Once we’ve got all our bits and bobs, we need to assemble them according to crop, asking questions like, “do we need overhead or drip irrigation;” “do we need 1, 2, or 3 lines per bed;” “what kind of emitters do we need and what’s their coverage;” etc etc. It’s a little bit like lego, which is kind of fun, but also tedious. Once everything is in working order we finally set the timers… the hardest part. The technology is not user-friendly. It’s like setting an alarm on a water-damaged watch from the ’90s: half-analog, half-digital, with about two dozen impossible-to-find settings buried under complex command chains.
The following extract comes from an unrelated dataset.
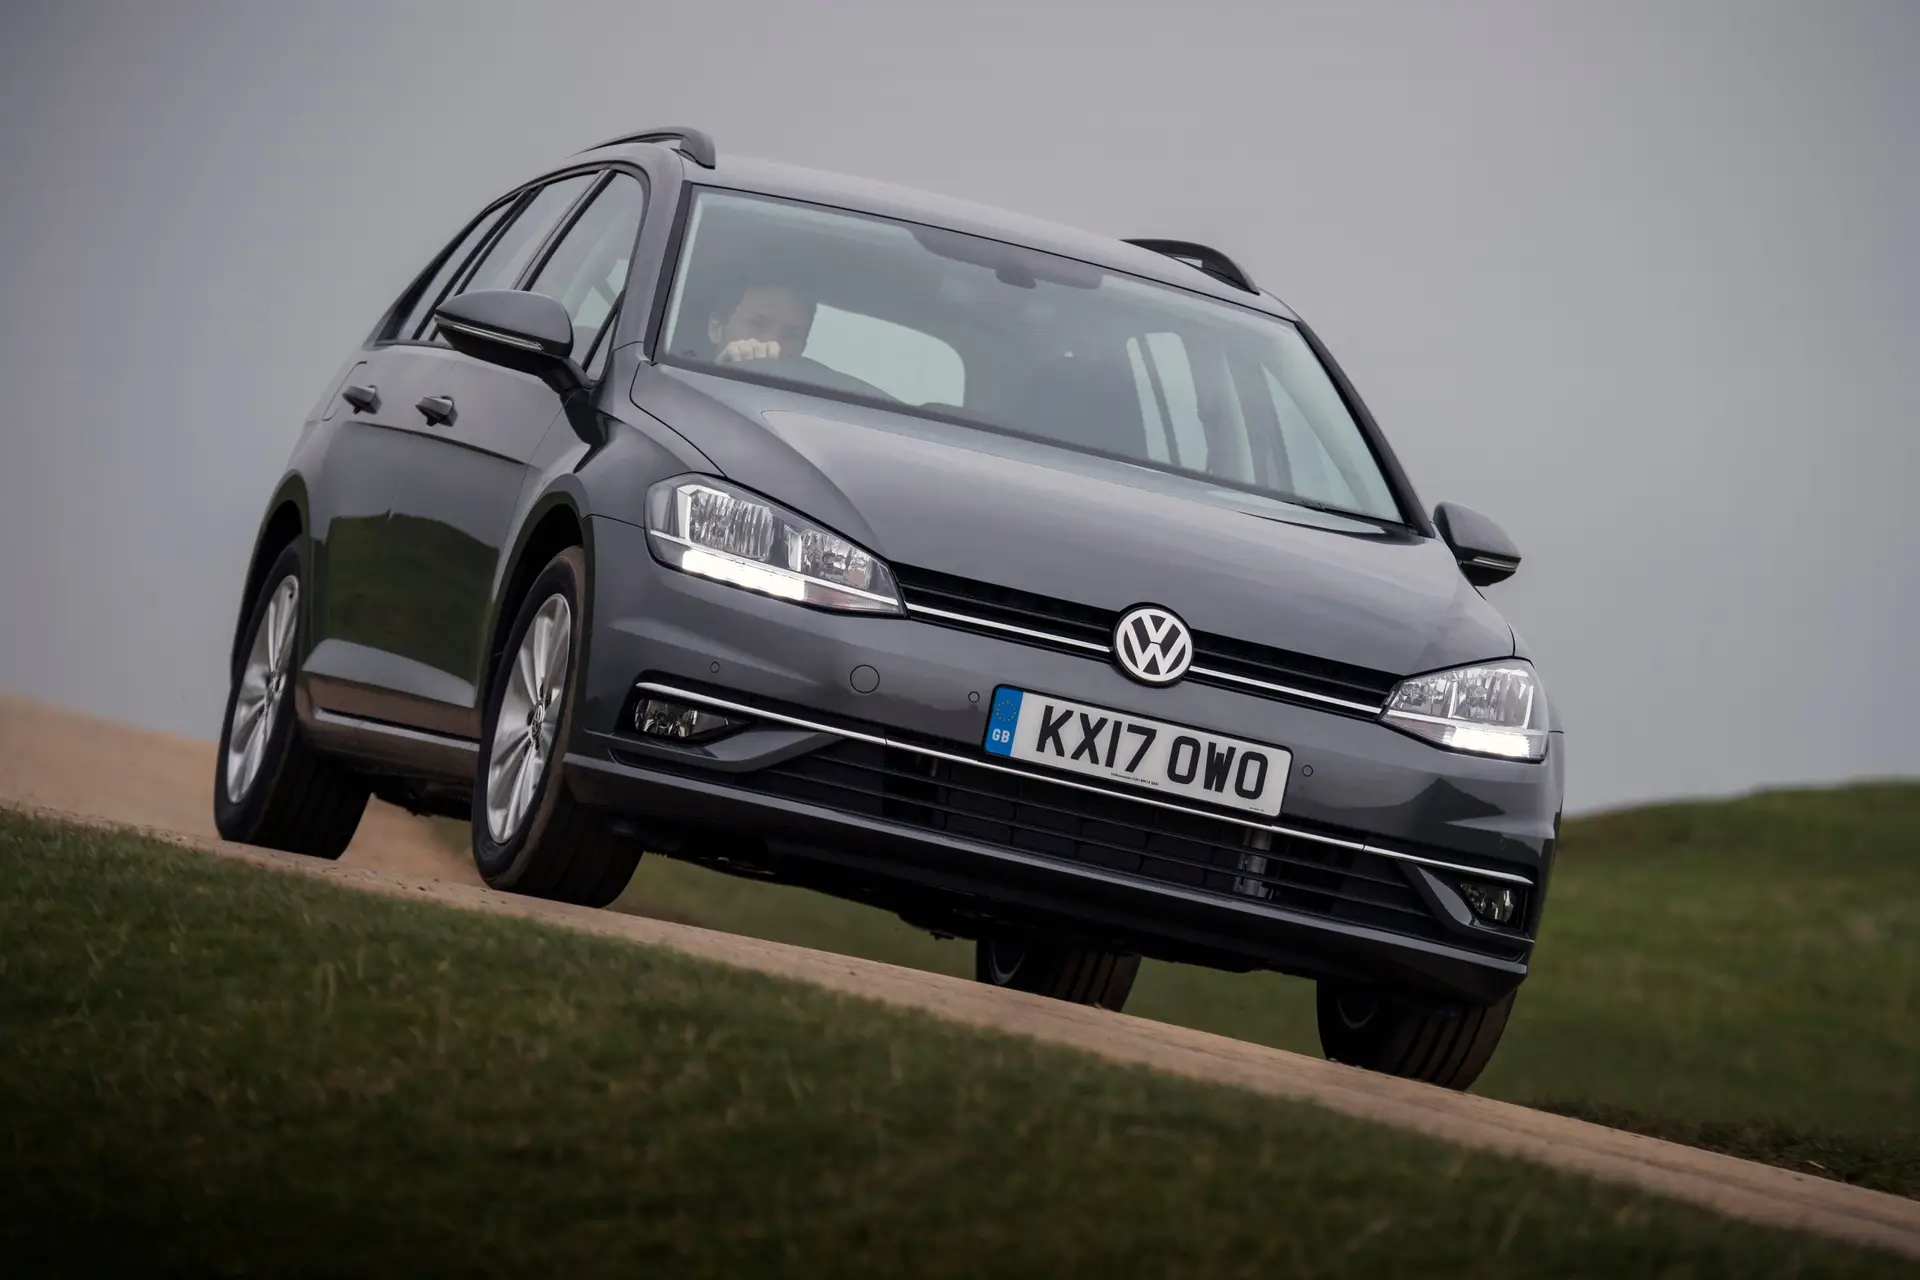 Volkswagen Golf Estate (2015-2020) Review: Exterior front three quarter photo of the Volkswagen Golf Estate on the road

TBH, I’m not really sure if these minutiae are interesting to you, Dear Reader, but there you have it – irrigation in all its tiny, explosive glory. 

 

Our seedlings in the greenhouse are now fully irrigated and warm under the clear light shining through fresh panes of glass. It seems like the ideal situation, right? Wrong. Turns out a heavenly courtyard in the middle of a school is also a haven for small animals that like to chew things — namely, about a dozen trays of gorgeous plant babies. I can’t blame the animals. Who doesn’t love a sumptuous spring salad after a winter of garbage… Er, turkey? Our response was to build 6 more cages to protect our precious seedlings from grazing. It also spurred a much-needed deep clean in all the nooks, crannies, and under-the-stairs. The whole team — all departments — banded together to tackle this work and it felt so good to accomplish it together.